**Task description**
Return all of the entries exactly, but do not include the pictures.

**Source information**
++++++++
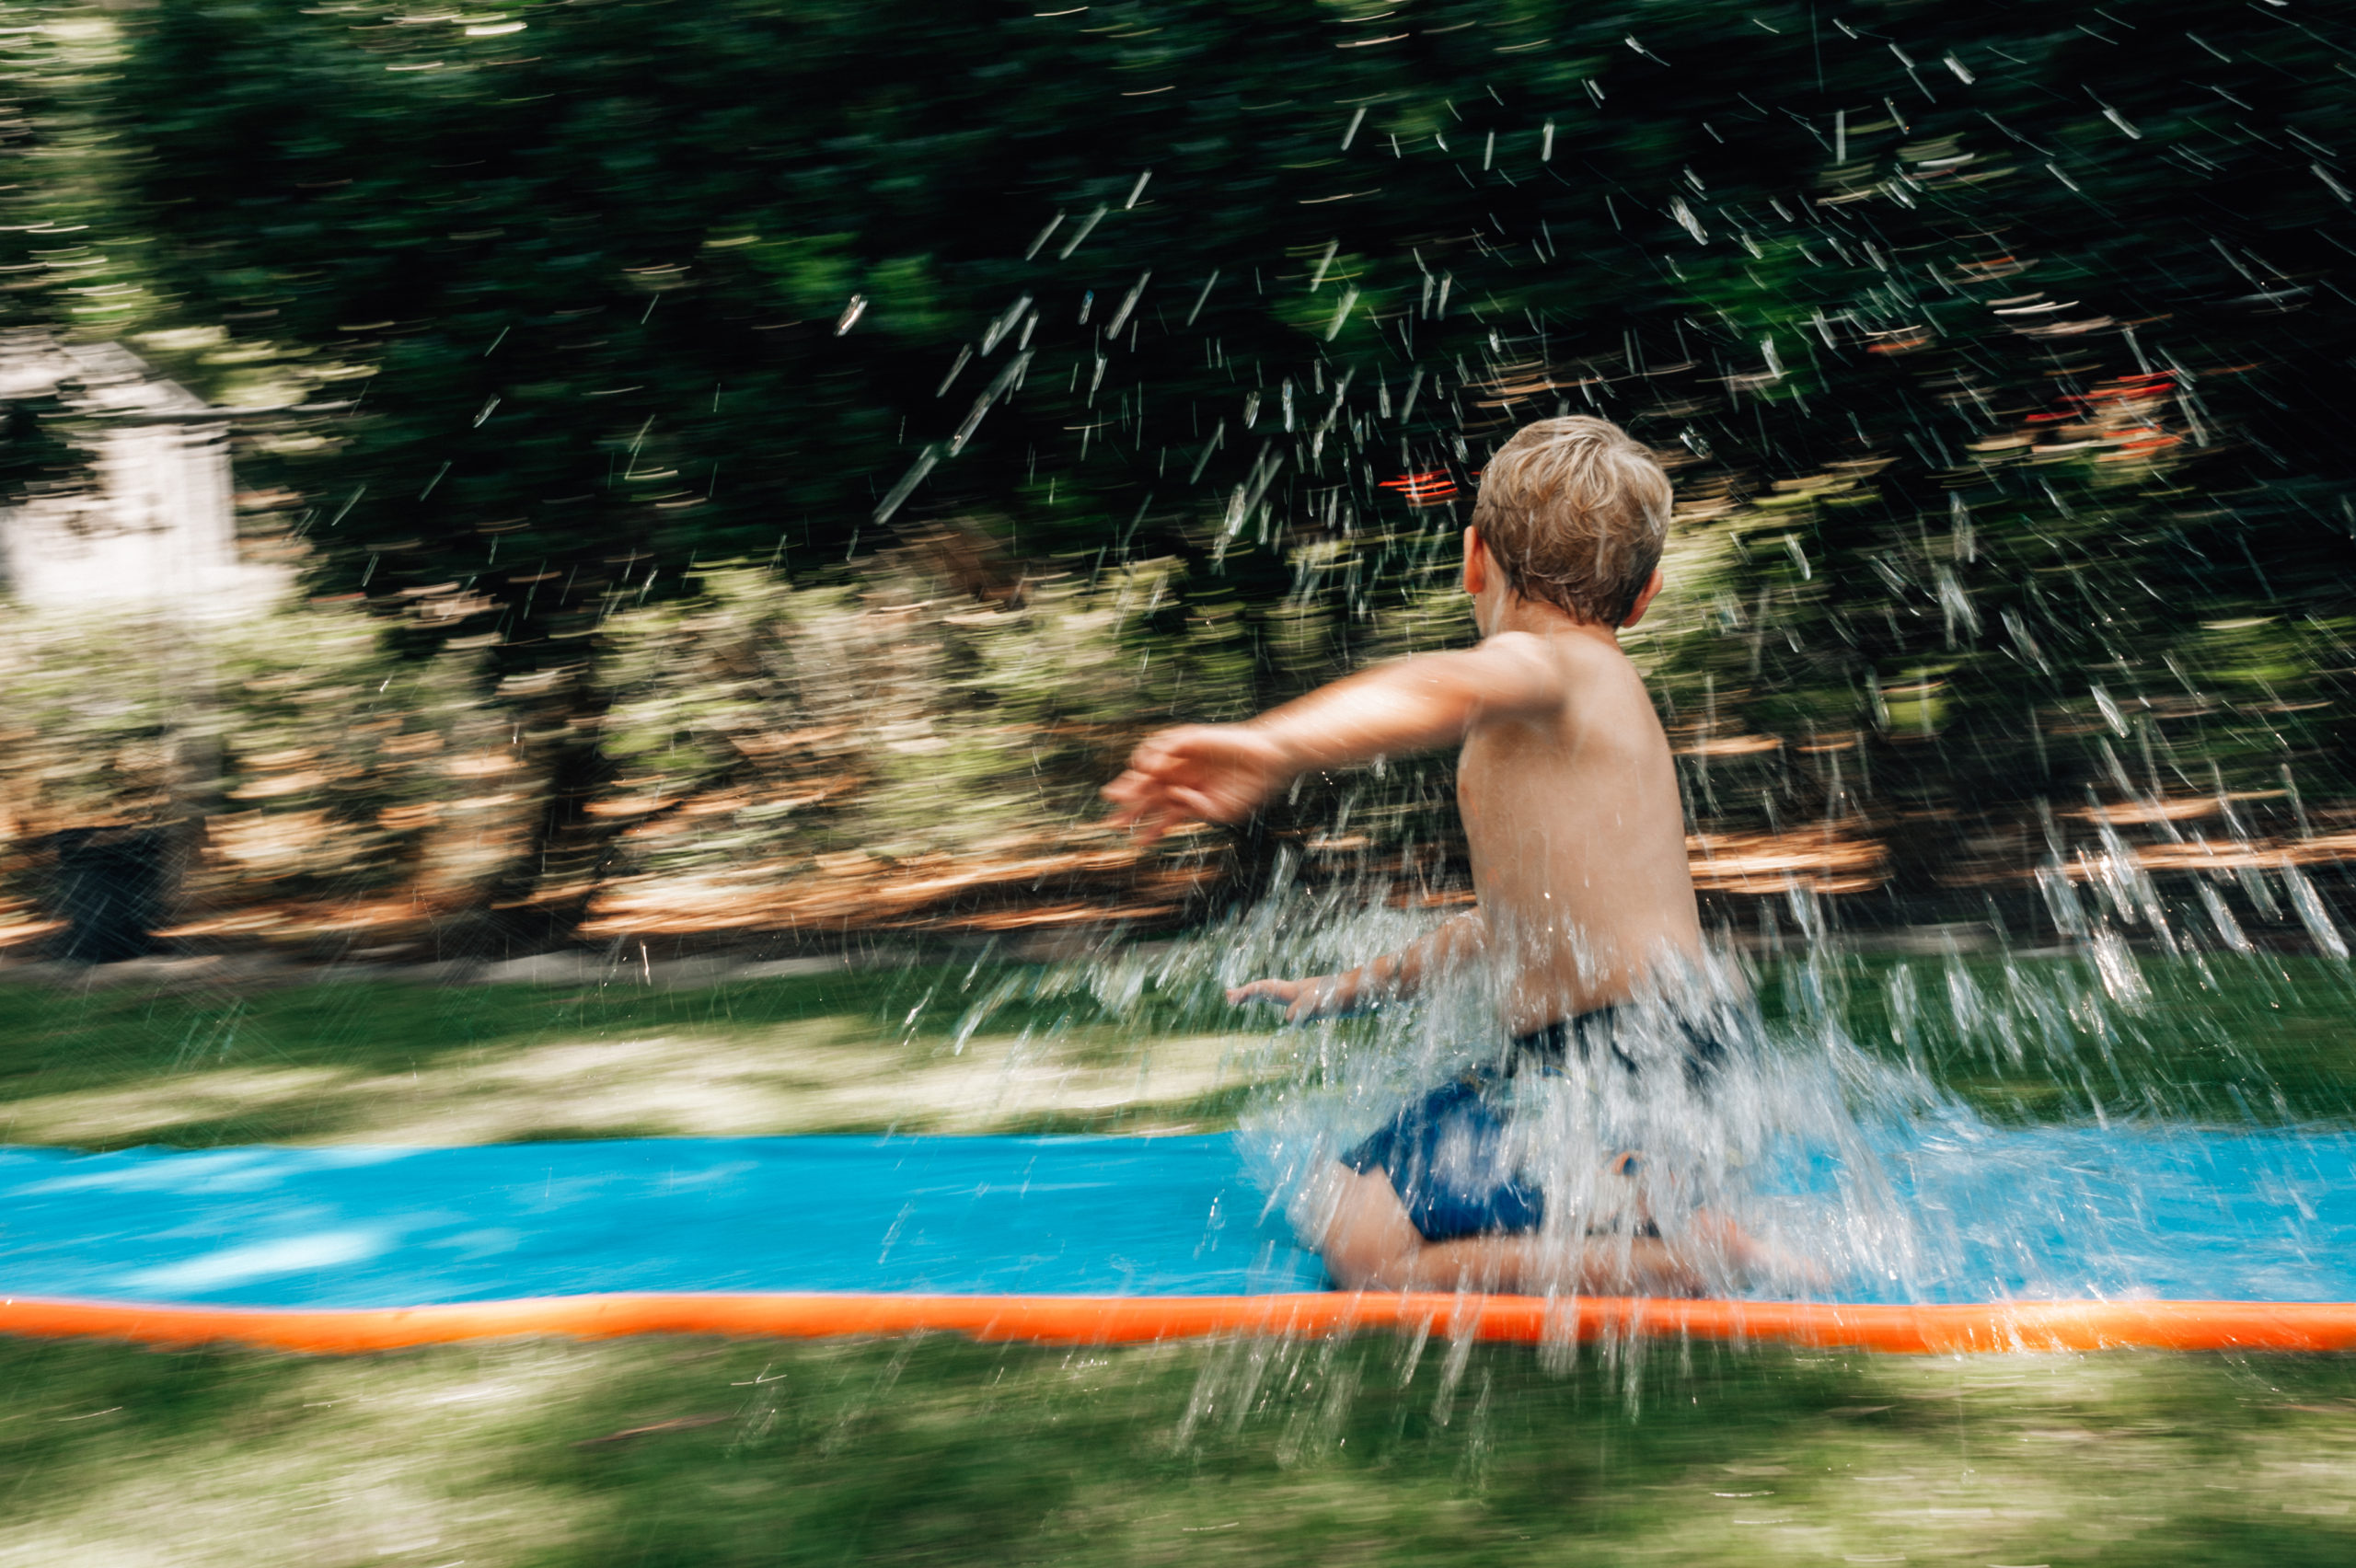 Boy enjoys slip in slide during williamsburg family session.
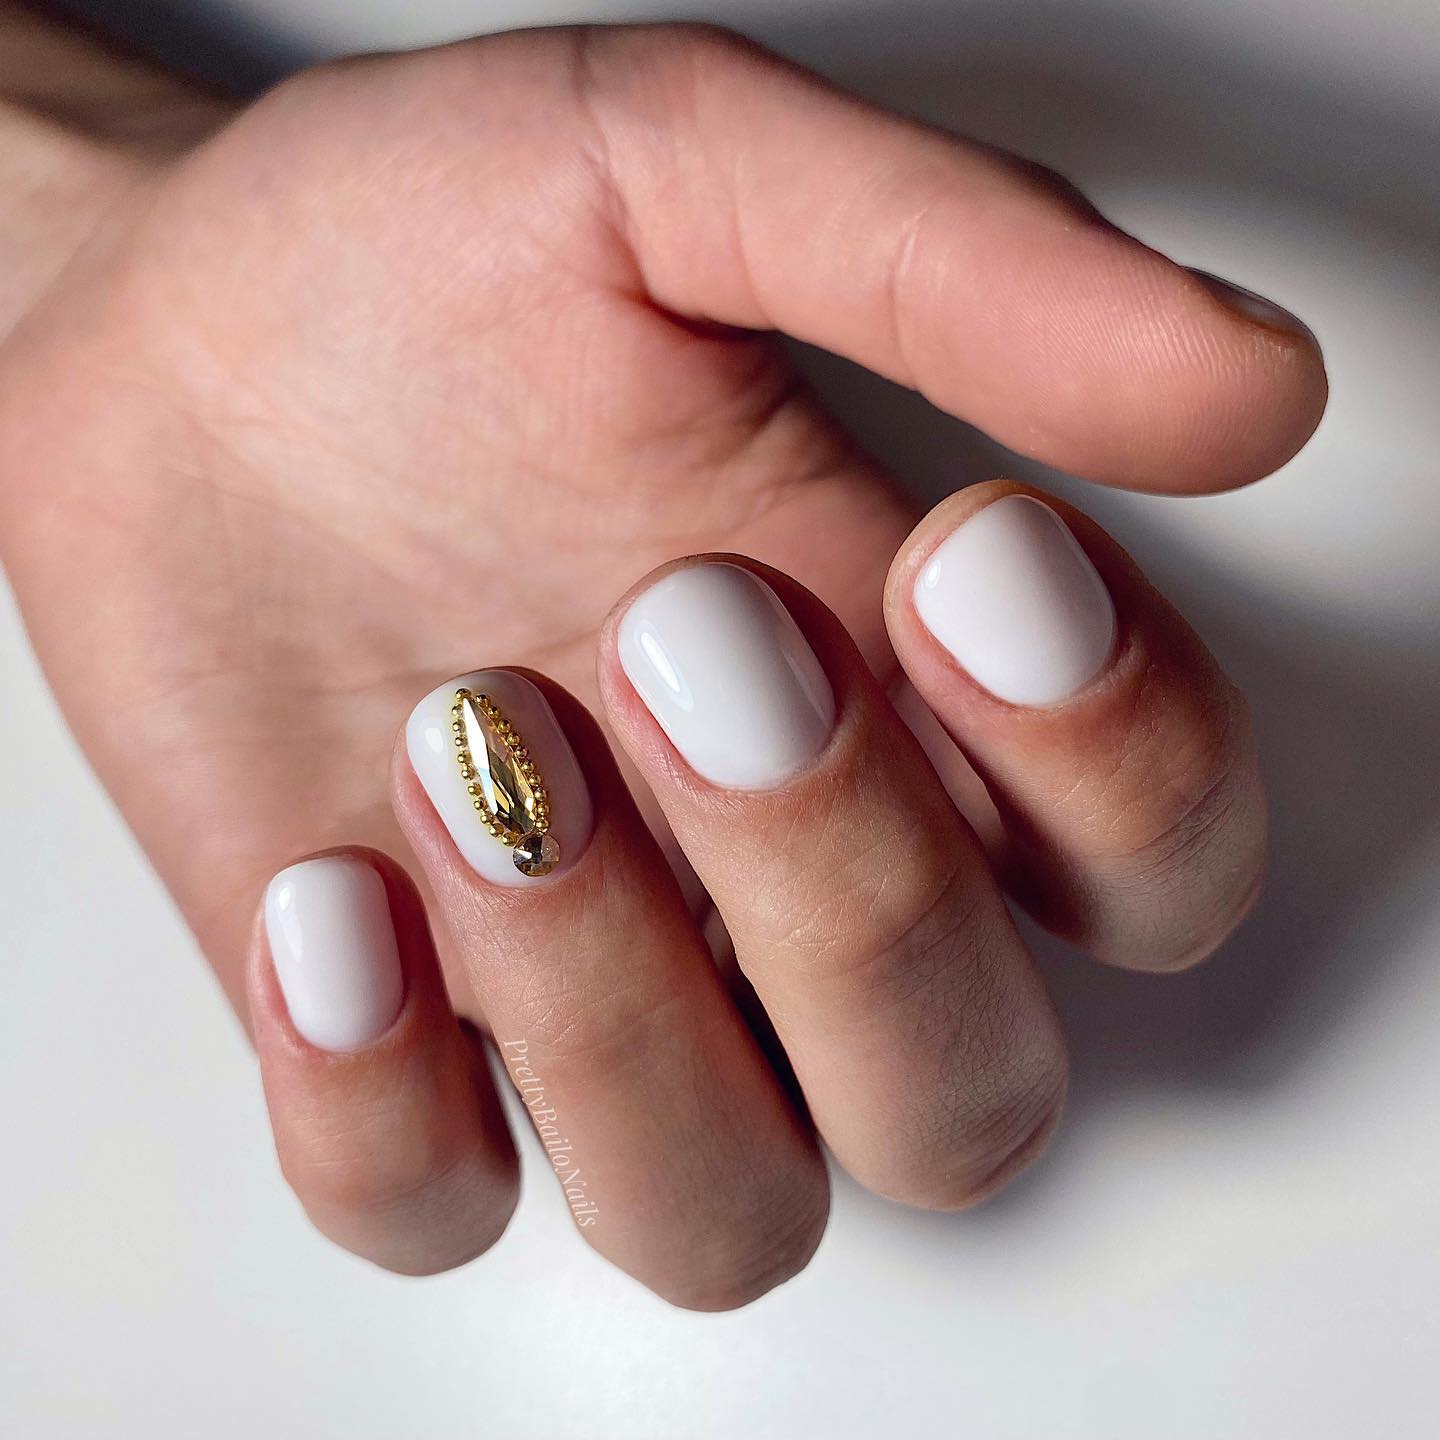 White Nails With Yellow Diamond
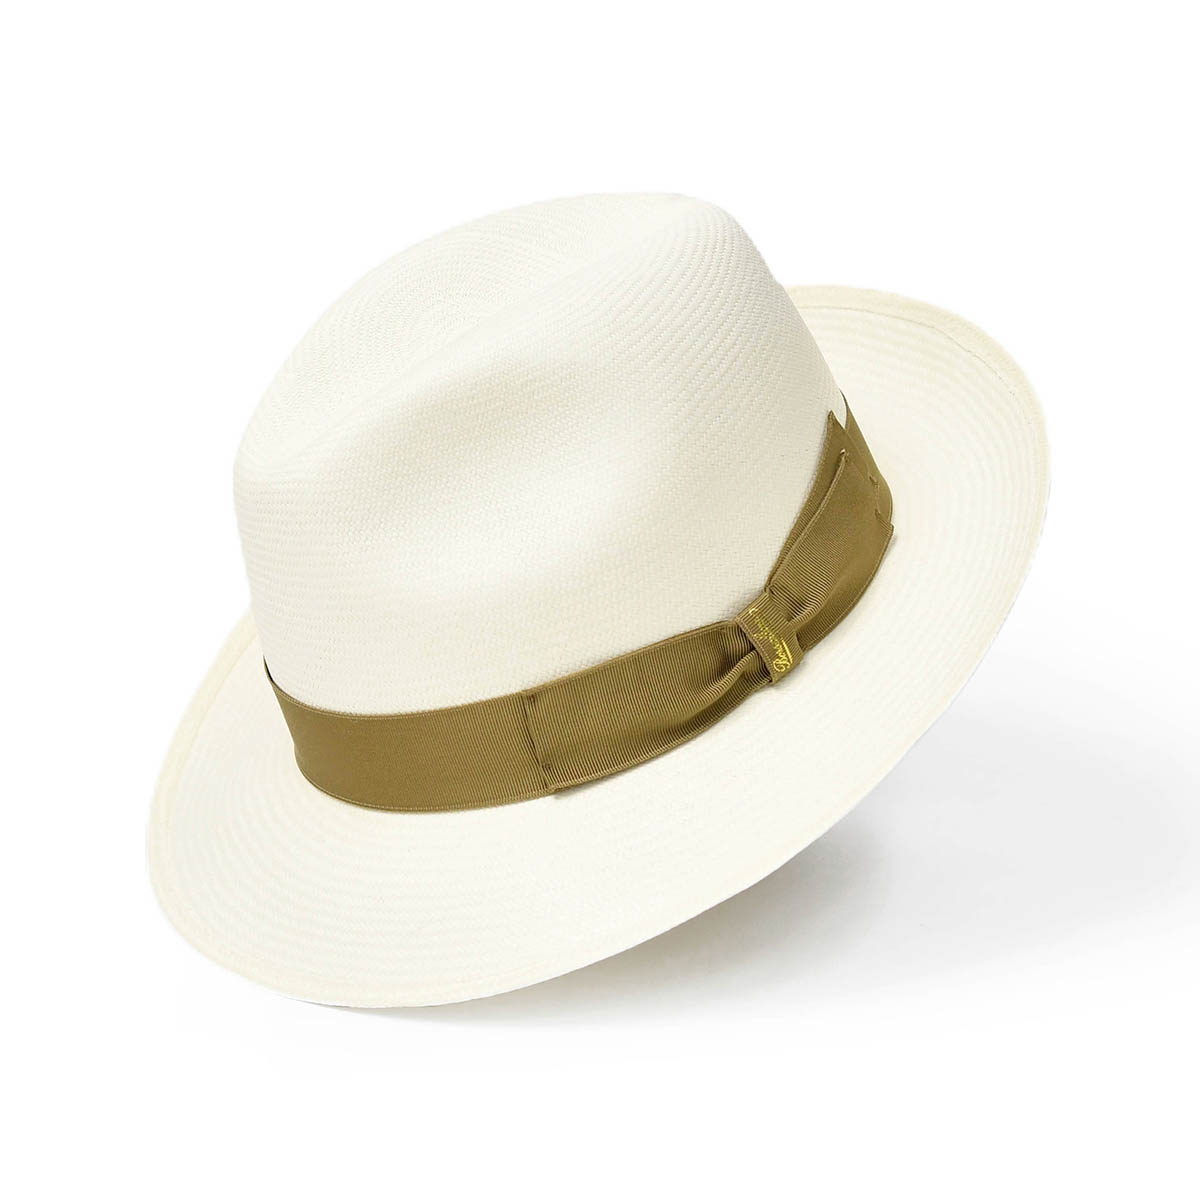 ネット限定 新品タグ付きBorsalino ボルサリーノ v840 57 白 ワイドブリム 麦わら帽子 パナマハット 高級ファイン - 麦わら帽子
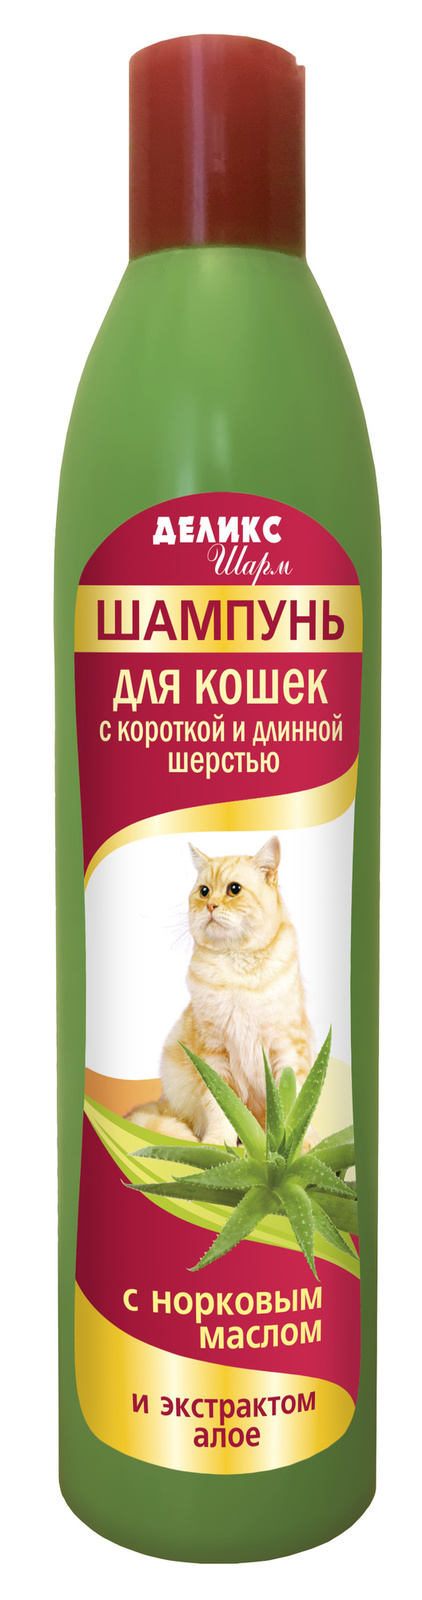 Бионикс зоошампунь Делкис Шарм для кошек с короткой и длинной шерстью (270 г)
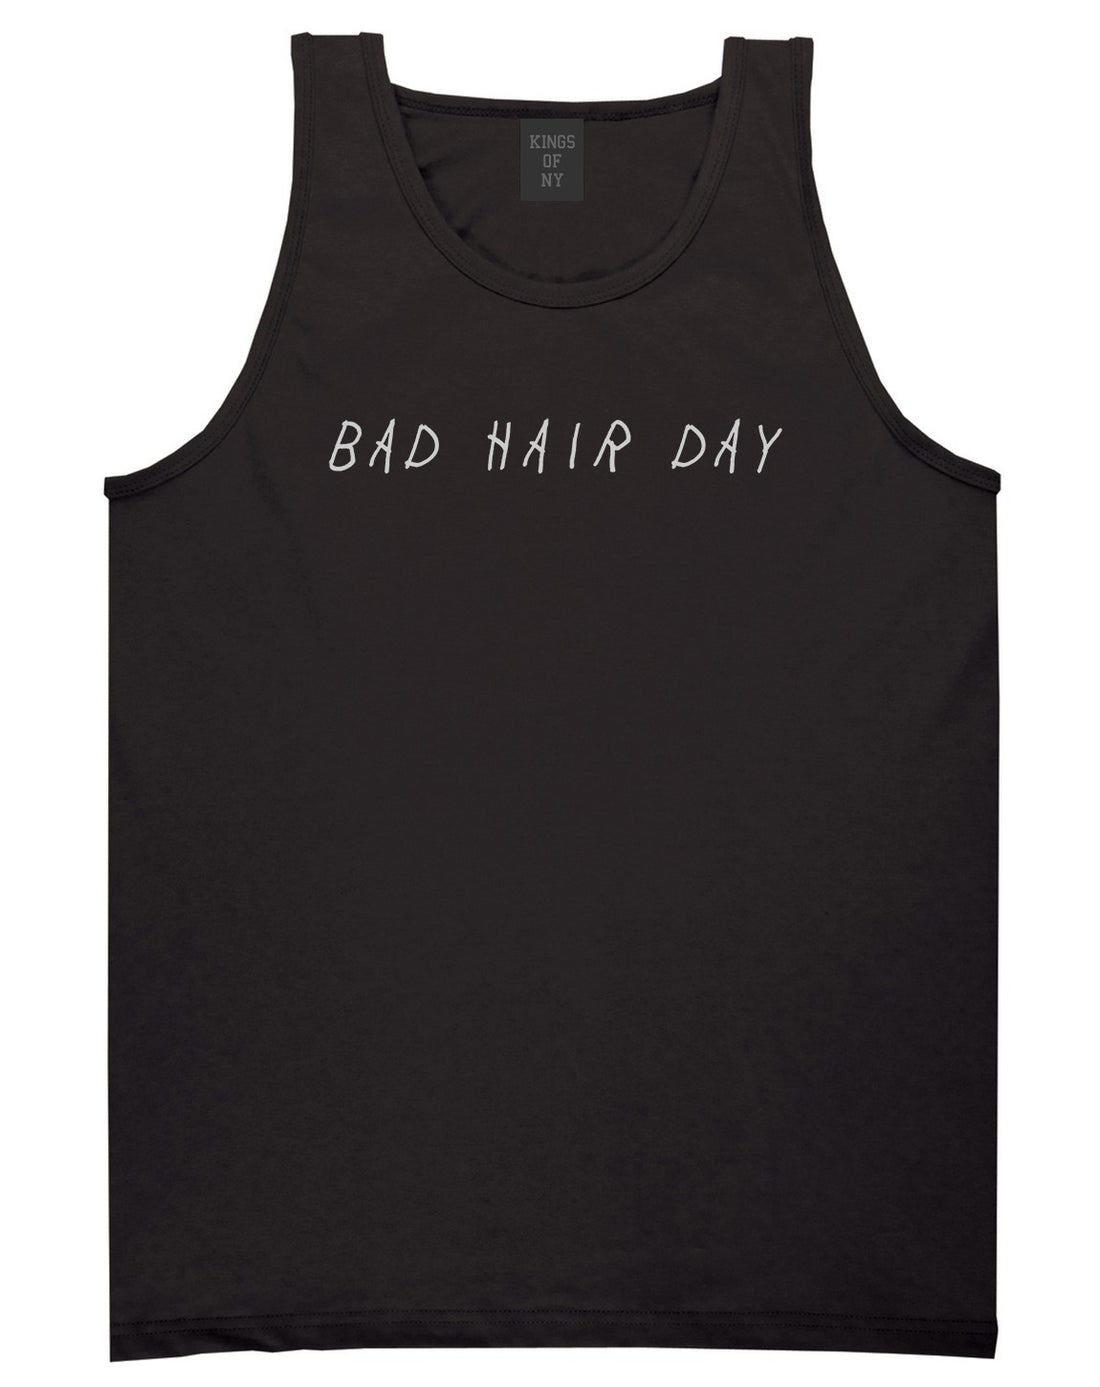 Bad Hair Day Black Tank Top Shirt by Kings Of NY
++++++++
**Output for this task**
 Boy enjoys slip in slide during williamsburg family session.
 White Nails With Yellow Diamond
 ネット限定 新品タグ付きBorsalino ボルサリーノ v840 57 白 ワイドブリム 麦わら帽子 パナマハット 高級ファイン - 麦わら帽子
 Бионикс зоошампунь Делкис Шарм для кошек с короткой и длинной шерстью (270 г)
 Bad Hair Day Black Tank Top Shirt by Kings Of NY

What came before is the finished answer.